### Activity
Which lines below hold the word "with"? Report each one.

### Data under study
┄┄┄┄┄┄
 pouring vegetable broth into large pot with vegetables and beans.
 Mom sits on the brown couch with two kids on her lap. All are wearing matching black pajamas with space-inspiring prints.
┄┄┄┄┄┄
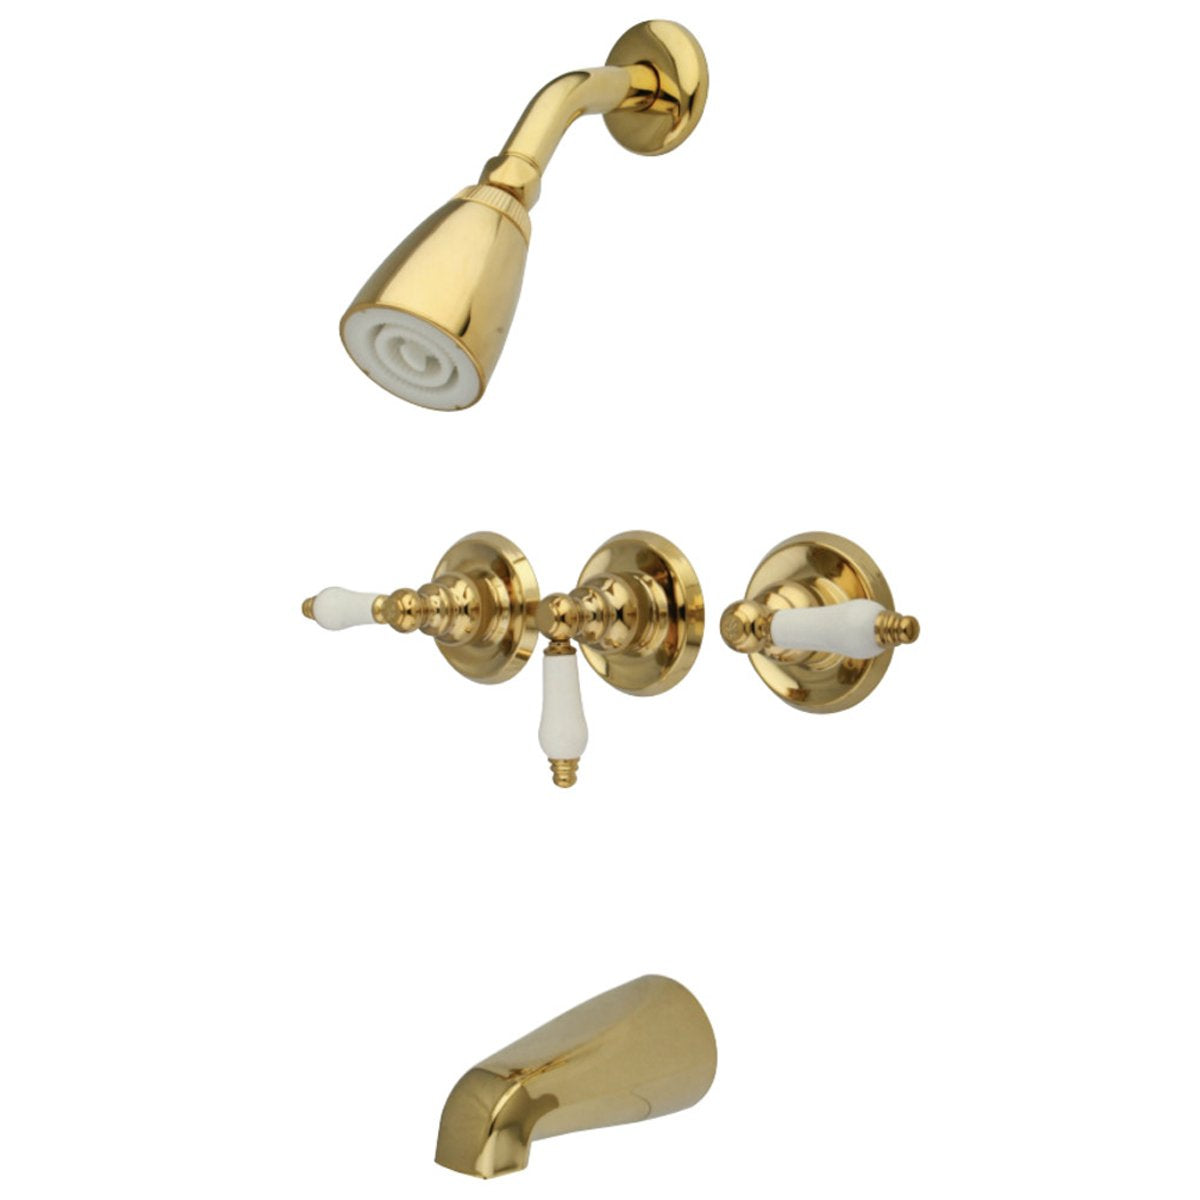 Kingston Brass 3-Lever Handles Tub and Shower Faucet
┄┄┄┄┄┄
### Problem solution
 pouring vegetable broth into large pot with vegetables and beans.
 Mom sits on the brown couch with two kids on her lap. All are wearing matching black pajamas with space-inspiring prints.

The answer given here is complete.